Julian grinned but withheld comment. Drew said that he’d seen the Novada plantation and that if Mr. Caswell was going, he himself had better stay here. Swiftly Phil again looked at Julian. His nostrils twitched at her as if he were aware of the names she was silently hurling at him.

In the morning Gordon ran an expert eye over the boat, ordered a few tons of ballast to be stowed and gave the native hands a couple of days ashore. It had been decided that he, Clin, Roger and Julian would set sail straight after lunch and spend a couple of nights at the Novada. The morning after tomorrow they would return, getting in about mid-day.

Phil and Daphne were on the waterfront to watch the line cast loose and the
Blue Ray
move slowly in a breeze that gently filled the sails as they were hoisted. The engine churned up a soapy wake as it pushed south-east, between Valeira and the mainland.

Daphne seemed relieved to be without men for a period.

She read and tinkled at the piano, showed interest in Phil’s wardrobe and tried to fashion some of the little clay figures Which to Phil’s fingers came easy. They bathed twice a day and canoed round the lagoon. Daphne, who was highly superstitious, bought lucky shells and coins in the market and added a few pieces of palm-fibre basketwork to the heap of junk which she intended carrying away as mementoes of Valeira.

“I have a feeling,” she said in thankful tones, “that once I get back to England I shall never leave there again. Of course, this holiday has been one I shall treasure—even apart from Gordon—but I’m so essentially a Londoner that I positively pine for cold nights and smelly fogs, the theatre and a cabaret once in a while. You’re an awful fool to hang on, Phil. We’d fix you up in London and help you to make friends.”

“Some day I’ll happen along and surprise you.”

“If one of these men doesn’t chain you to the island. Roger’s time is up first. As a husband he’s the safest bet.”

“Can you imagine me settling down in a small north-country town?”

“You wouldn’t have to. He’d go wherever you wished. Look at Gordon and me.”

Phil laughed. Young brides were notoriously matchmakers.

The time passed quickly. The second evening Matt and Drew were induced to dine with them and play whist.

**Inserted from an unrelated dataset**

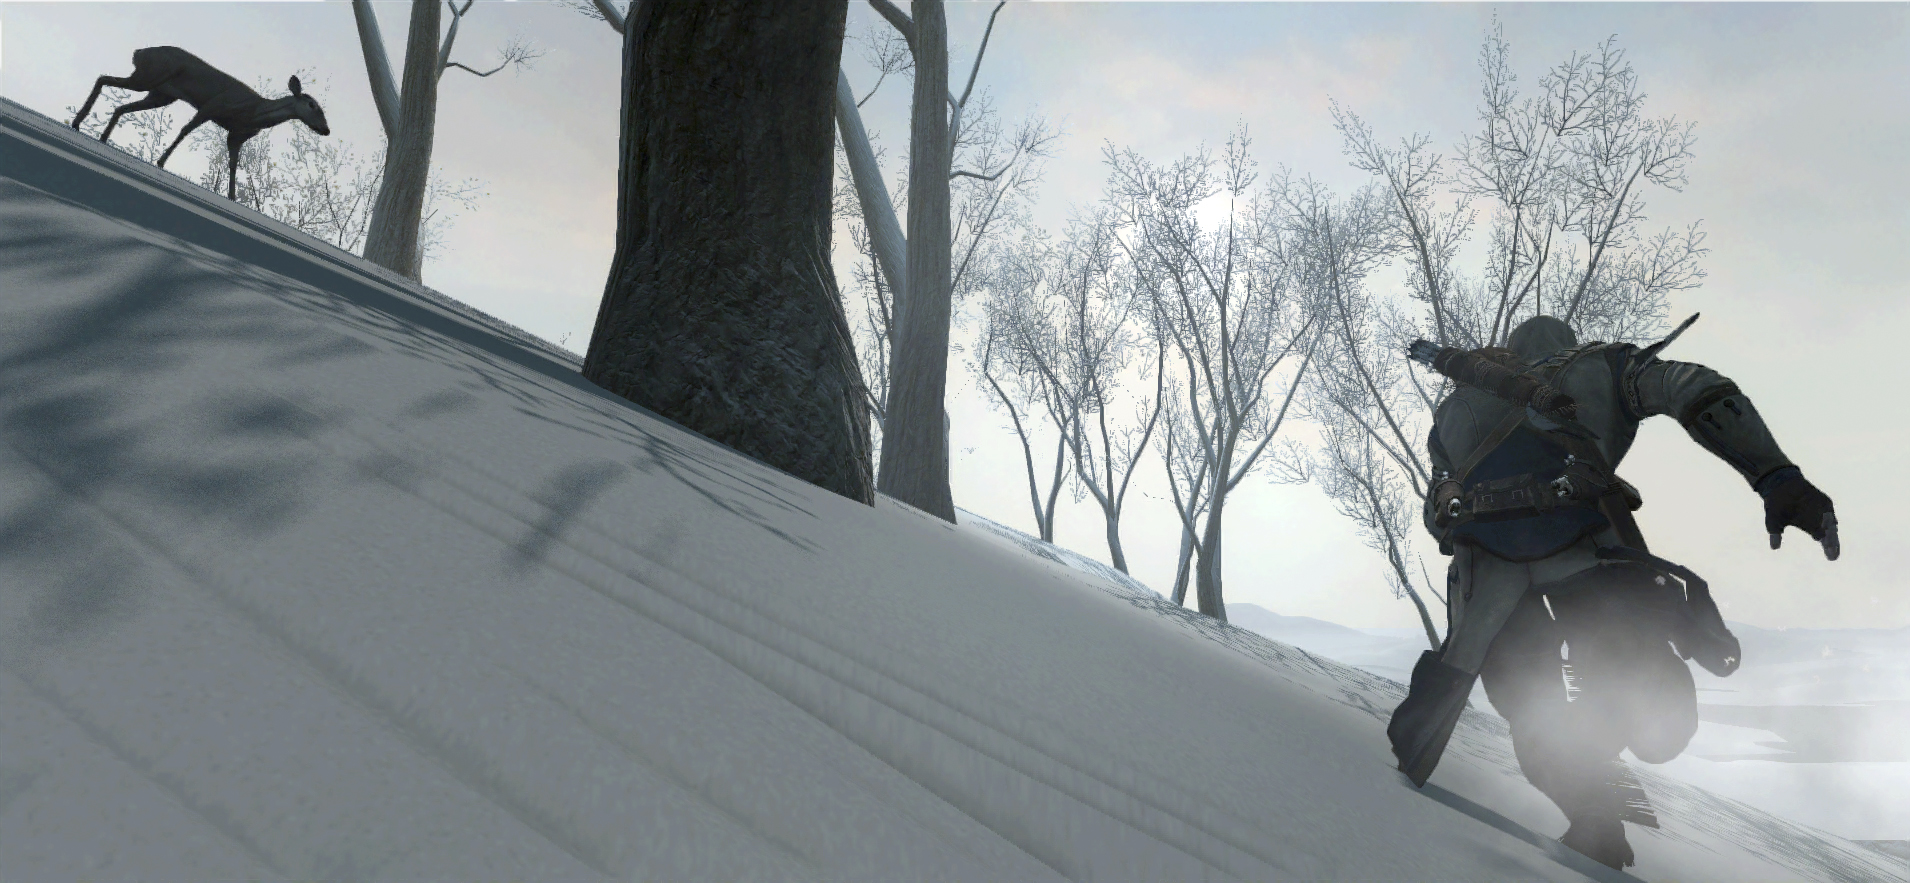 Immagine pubblicata in relazione al seguente contenuto: Assassin's Creed III Screenshots: Connor corre nei boschi innevati | Nome immagine: news17020_1.jpg

In the middle of that night a wind freshened from the north-west and dry white lightning flashed through the slats of Phil’s bedroom window. She got up and peered out at the walls of cloud which appeared static on the horizon. Overhead it was clear and starry, but the palms threshed and the waves roared ominously with an evil echo. Some time soon the calm weather would break, but this might be only a warning.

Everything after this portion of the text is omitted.